**Provided information**
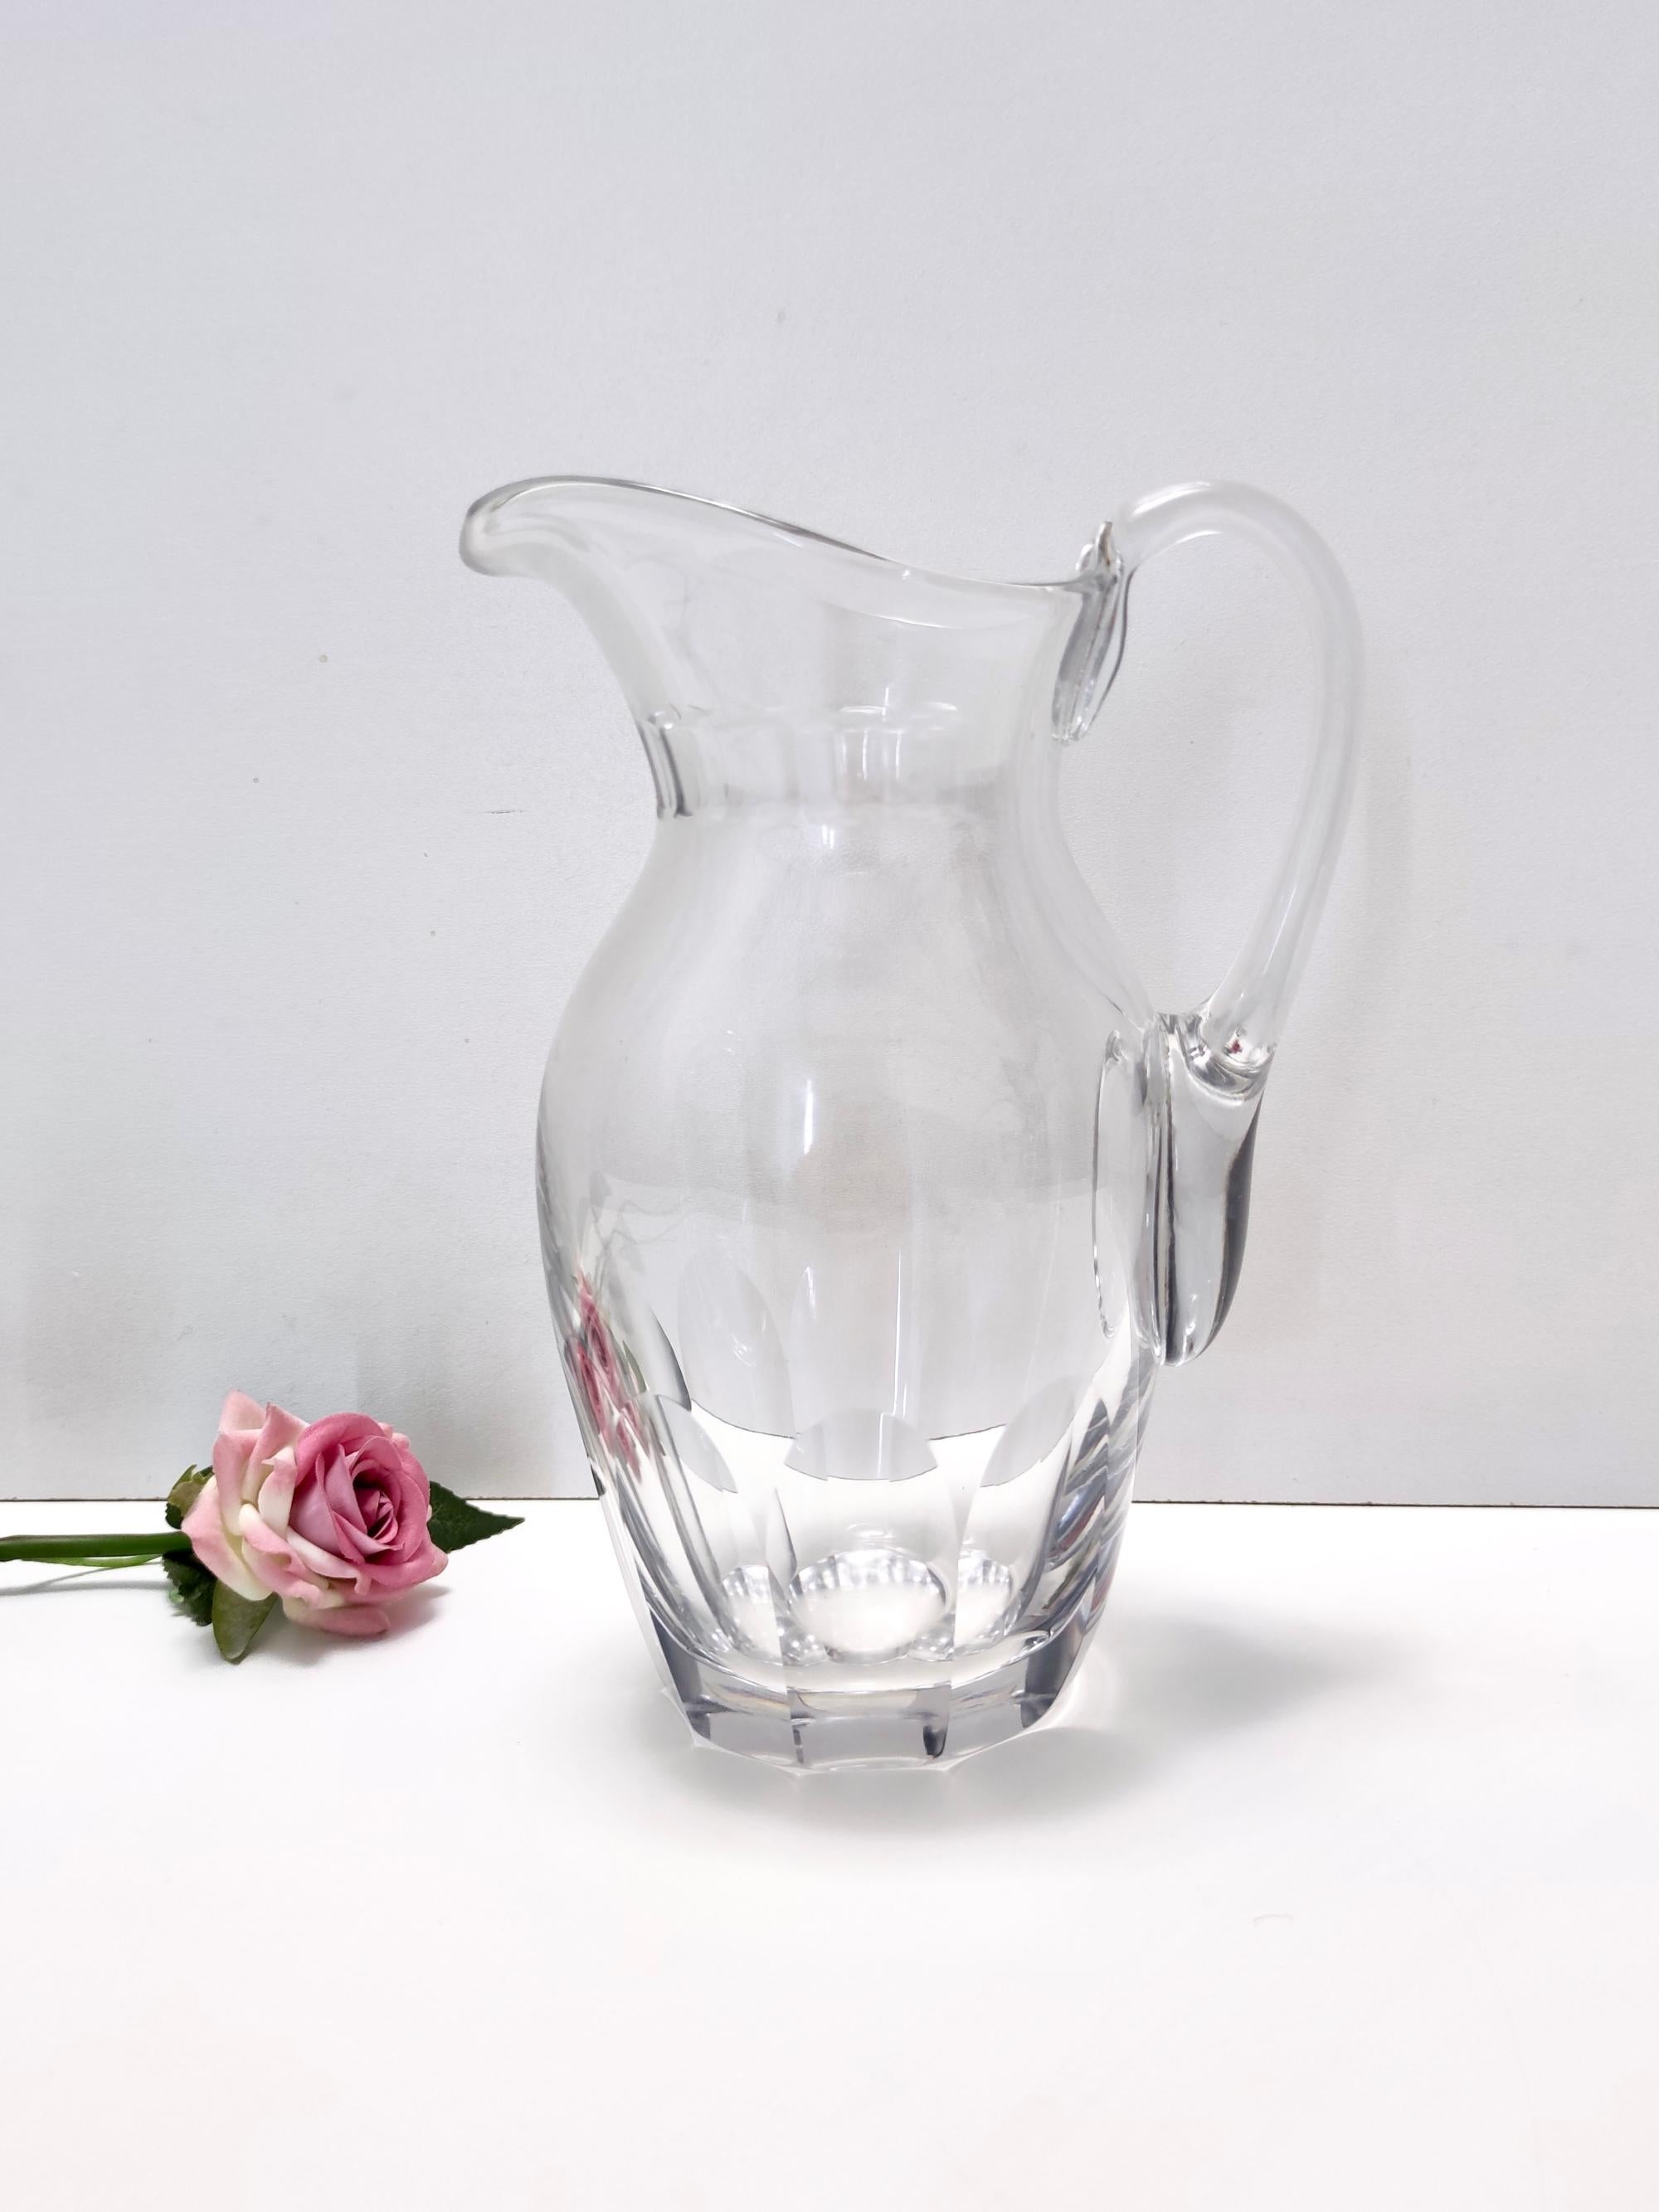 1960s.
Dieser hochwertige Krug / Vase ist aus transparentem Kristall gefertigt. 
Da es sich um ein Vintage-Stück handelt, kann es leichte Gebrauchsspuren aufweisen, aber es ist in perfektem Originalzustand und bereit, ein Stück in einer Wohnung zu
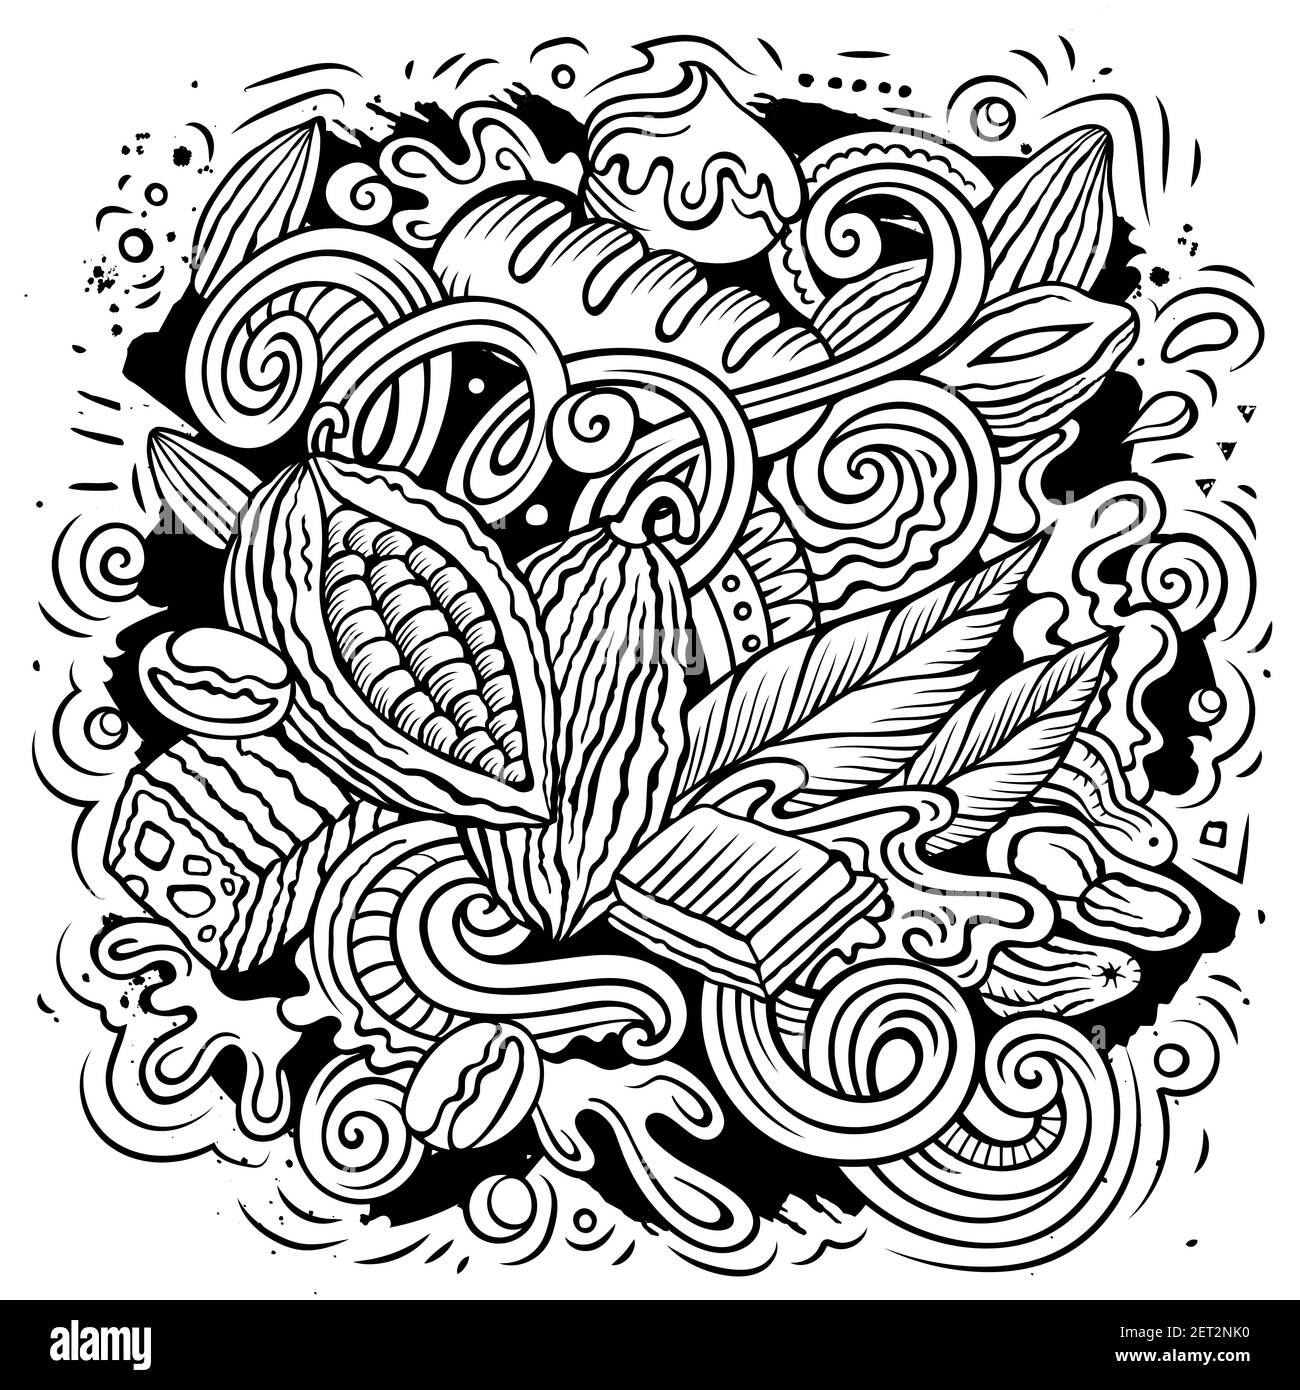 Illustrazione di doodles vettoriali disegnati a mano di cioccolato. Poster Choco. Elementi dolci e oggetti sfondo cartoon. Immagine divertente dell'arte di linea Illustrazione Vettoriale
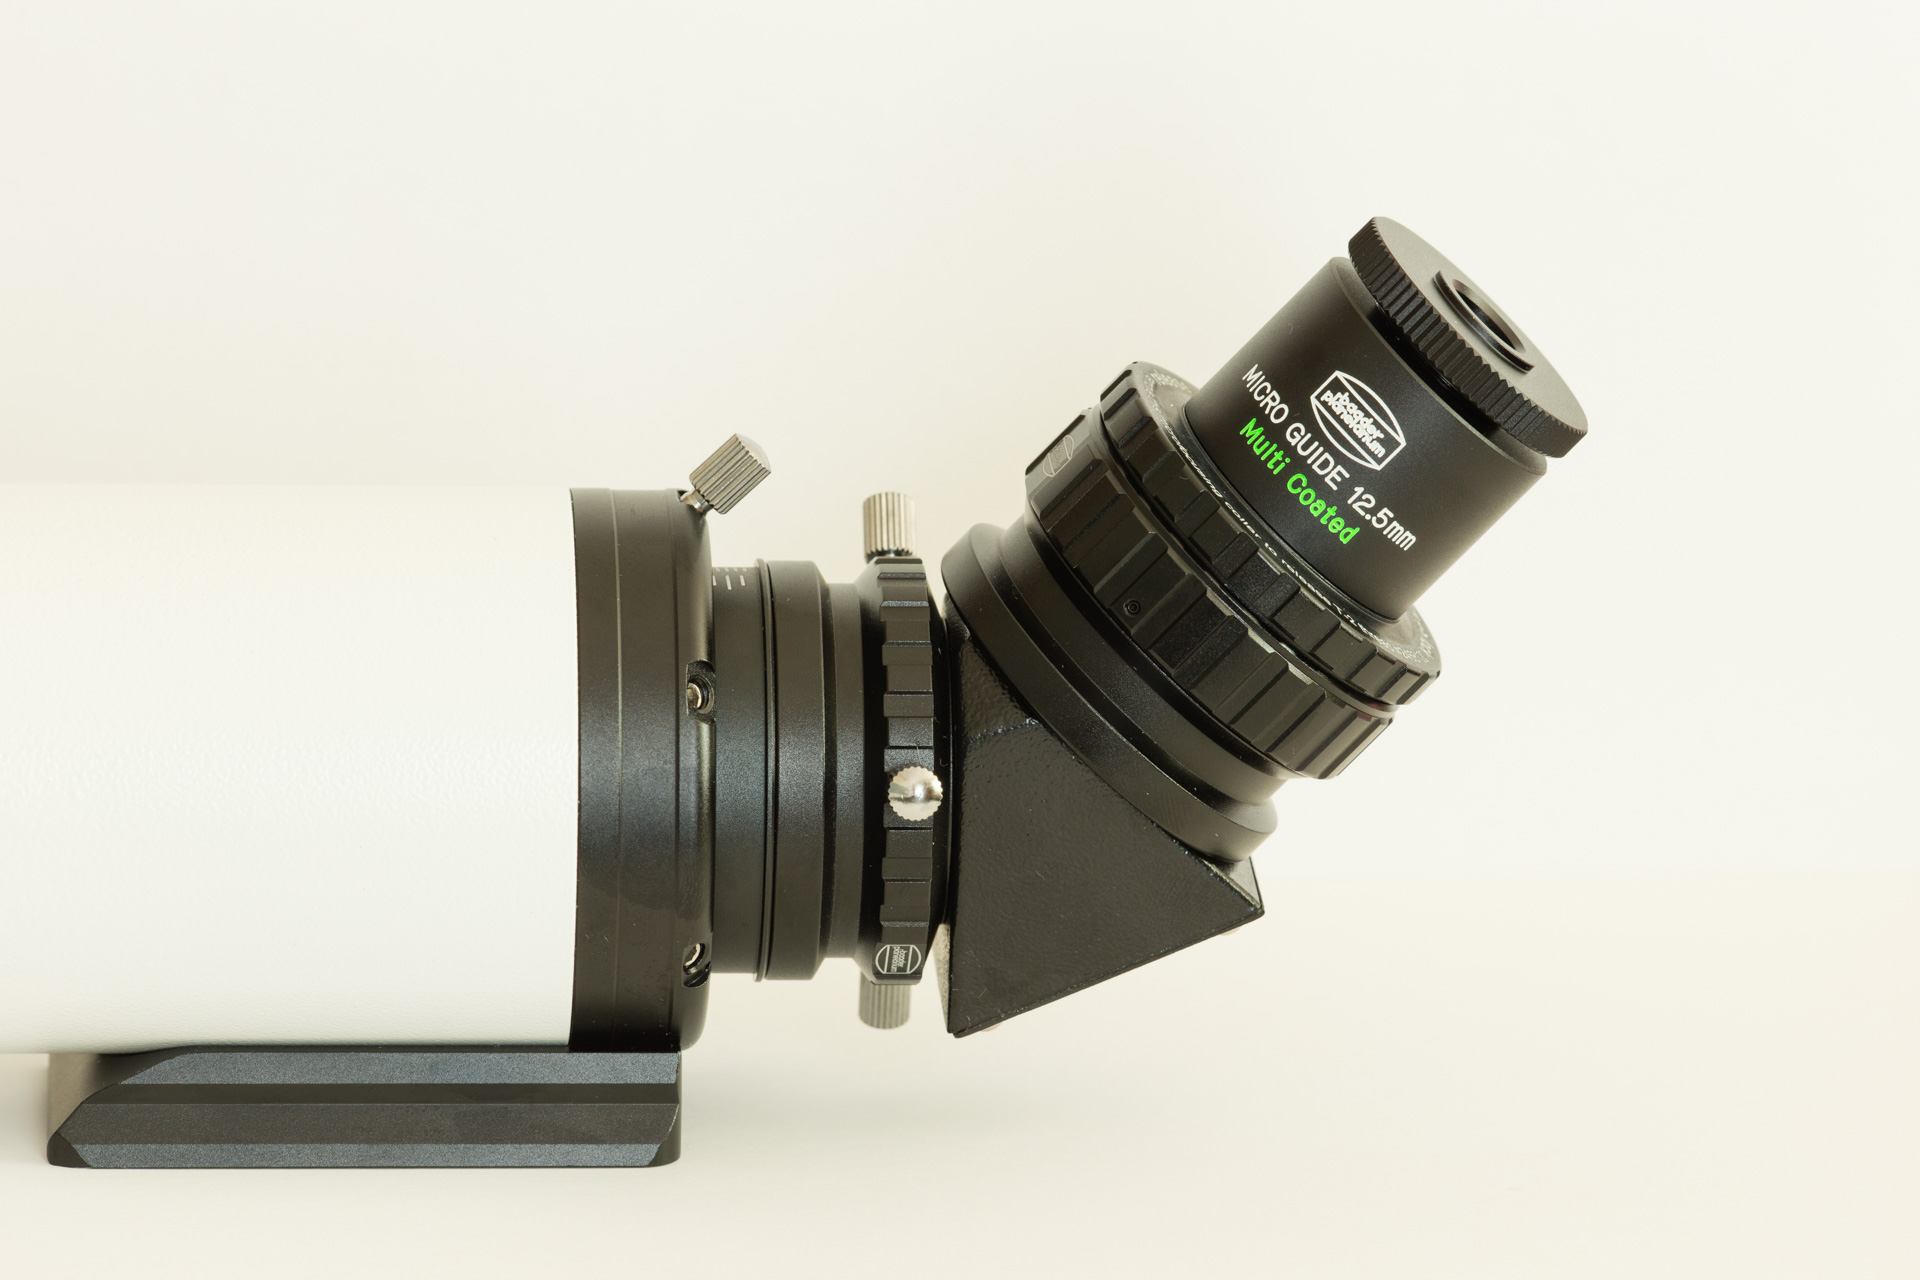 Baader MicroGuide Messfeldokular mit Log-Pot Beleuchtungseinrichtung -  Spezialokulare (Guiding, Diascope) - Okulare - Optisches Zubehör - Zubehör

**What you have to do**
Produce an exact copy of the lines from the line containing "Da es sich um" to the end of the material, both ends included, and omit every picture.

**Output for this exercise**
Da es sich um ein Vintage-Stück handelt, kann es leichte Gebrauchsspuren aufweisen, aber es ist in perfektem Originalzustand und bereit, ein Stück in einer Wohnung zu
 Illustrazione di doodles vettoriali disegnati a mano di cioccolato. Poster Choco. Elementi dolci e oggetti sfondo cartoon. Immagine divertente dell'arte di linea Illustrazione Vettoriale
 Baader MicroGuide Messfeldokular mit Log-Pot Beleuchtungseinrichtung -  Spezialokulare (Guiding, Diascope) - Okulare - Optisches Zubehör - Zubehör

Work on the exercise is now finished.